Comment by krackers
15 days ago
I don't think it's clear that human languages are context sensitive. The only consistent claim I can find is that at one point someone examined Swiss German and found that it's weakly context sensitive. Also empirically human language don't have that much recursion. You can artificially construct such examples, but beyond a certain depth people won't be able to parse it either.
I don't know whether the non-existence of papers studying whether LLMs can model context-sensitive grammar is because they can't, or because people haven't tested that hypothesis yet. But again empirically LLMs do seem to be able to reproduce human language just fine. The whole "hallucination" argument is precisely that LLMs are very good at reproducing the structure of language even if those statements don't encode things with the correct truth value. The fact that they successfully learn to parse complex CFGs is thus evidence that they can actually learn underlying generative mechanisms instead of simply parroting snippets of training data as naively assumed, and it's not a huge leap to imagine that they've learned some underlying "grammar" for English as well.
So if one argues that LLMs as a generative model cannot generate novel valid sentences in the English language, then that is easily falsifiable hypothesis. If we had examples of LLMs producing non-well formed sentences, people would have latched onto that by now, instead of "count Rs in strawbery" but I've never seen anyone arguing as such.
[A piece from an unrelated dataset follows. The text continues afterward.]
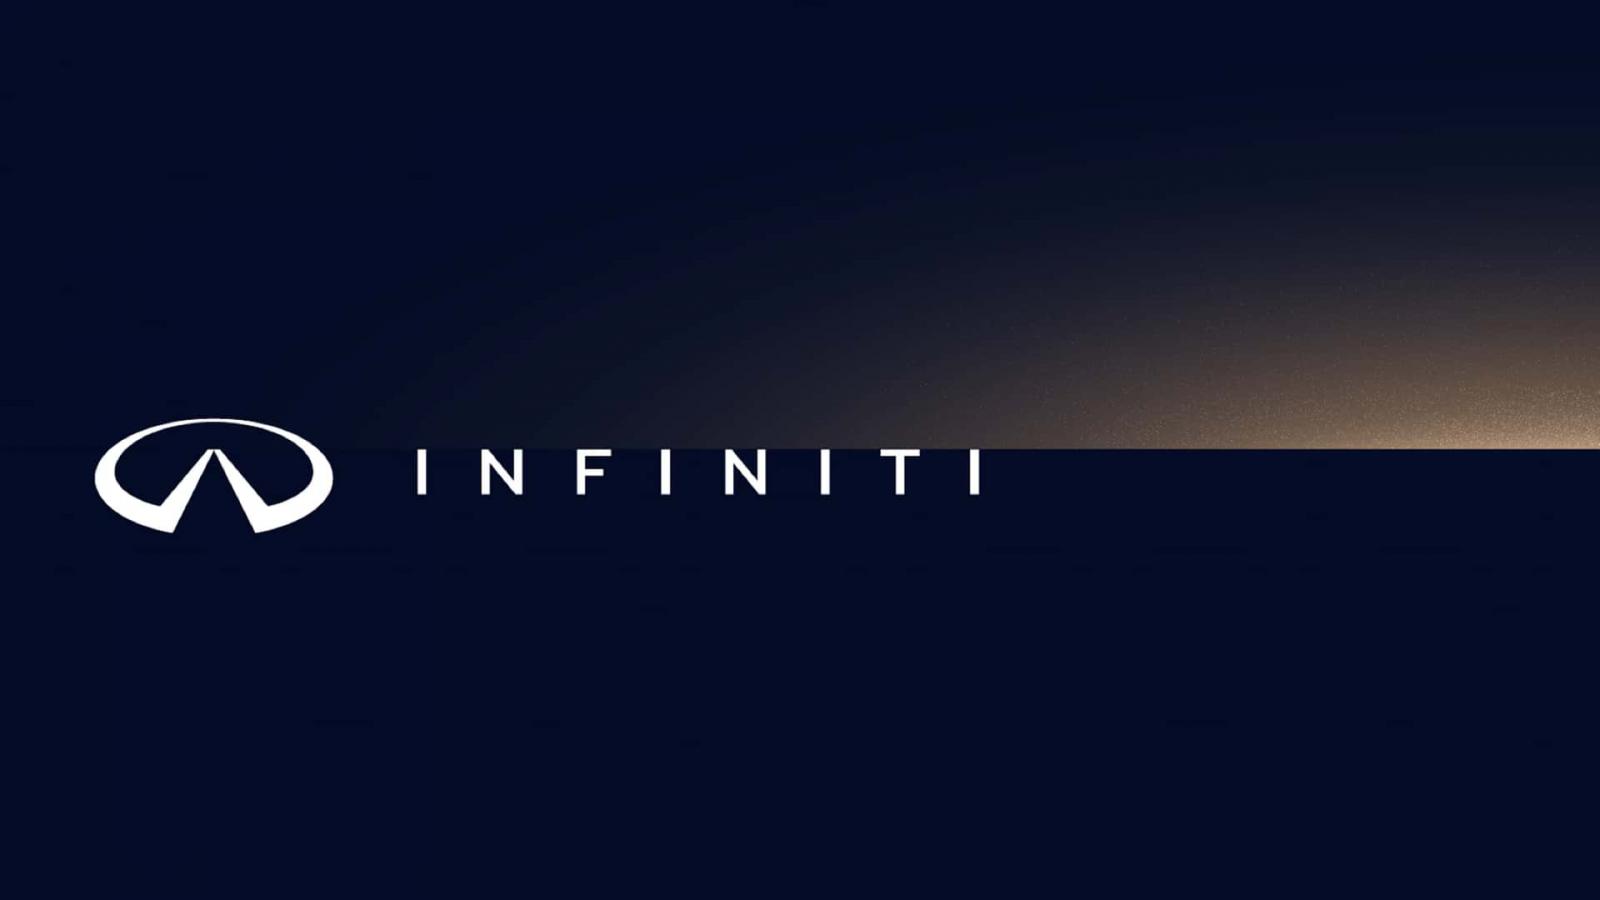 Η Infiniti έδωσε νέα 3D εμφάνιση στο σήμα της!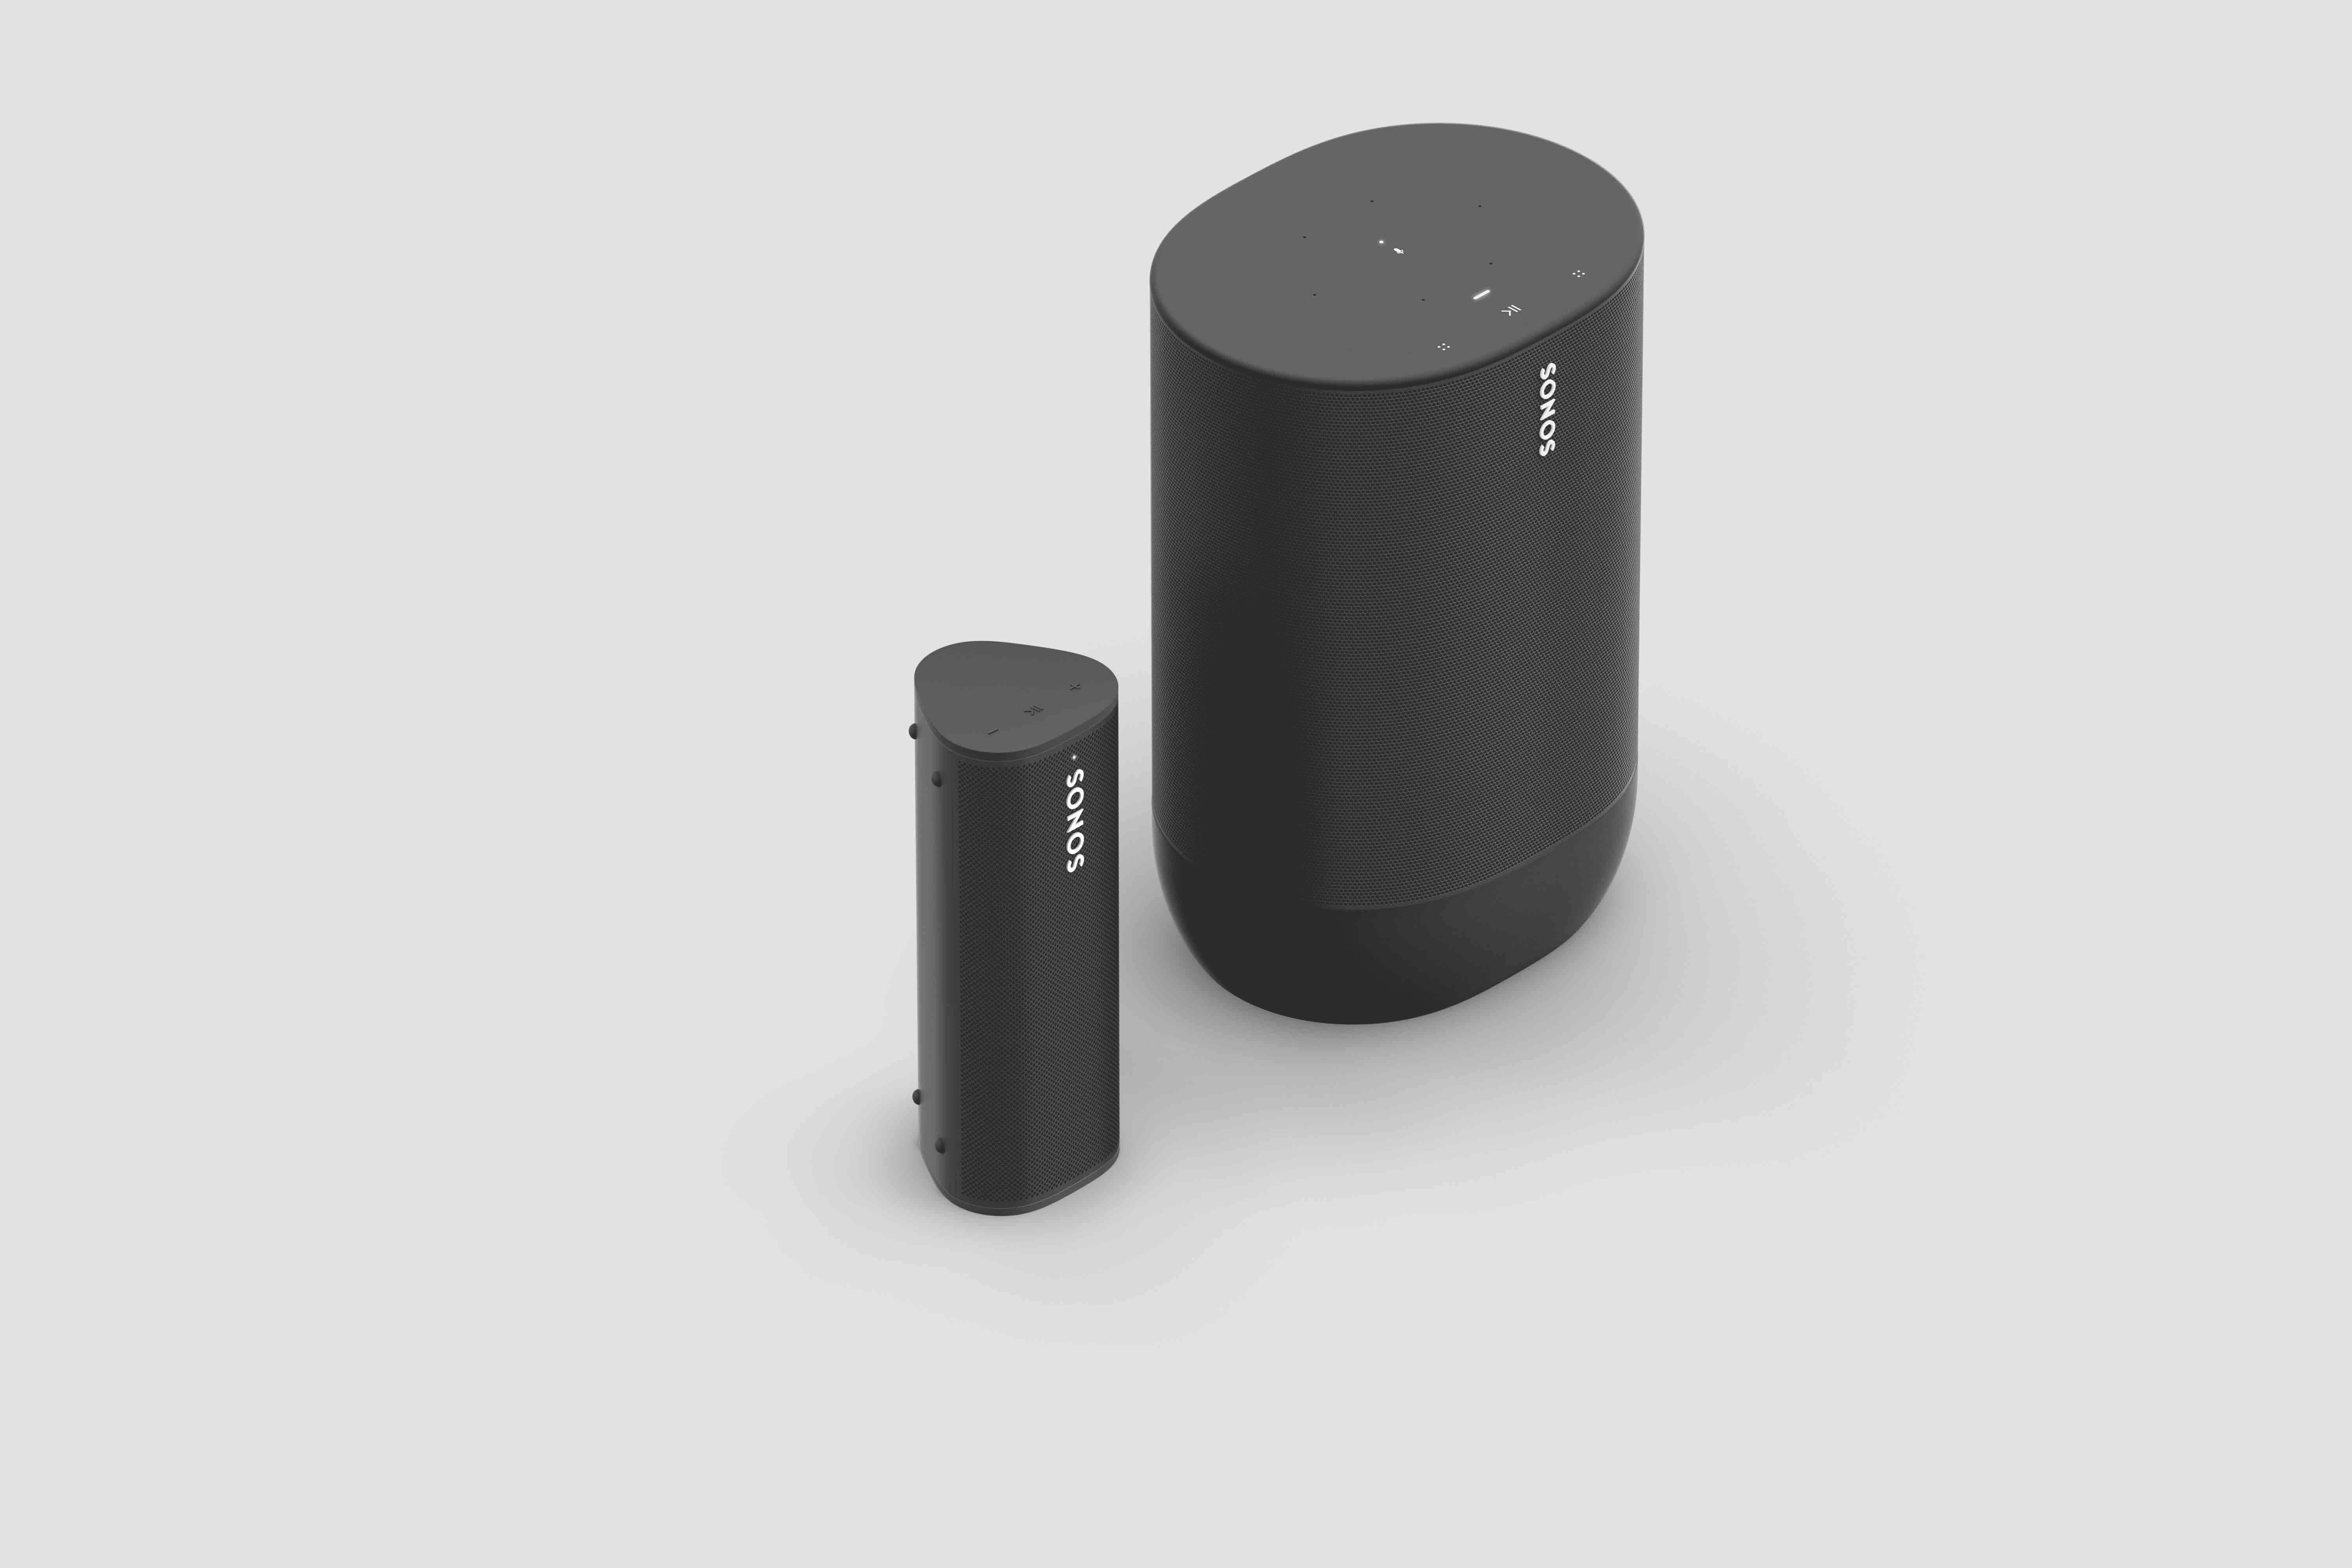 Beundringsværdig hovedlandet Stræde Meet Sonos Roam, the ultra-portable smart speaker | Sonos Community

It’s uncontroversial now that the class of string languages roughly corresponding to “human languages” is mildly context sensitive in a particular sense. This debate was hashed out in the 80s and 90s.
I don’t think formal languages classes have much to tell us about the capabilities of LLMs in any case.
>Also empirically human language don't have that much recursion. You can artificially construct such examples, but beyond a certain depth people won't be able to parse it either.
If you limit recursion depth then everything is regular, so the Chomsky hierarchy is of little application.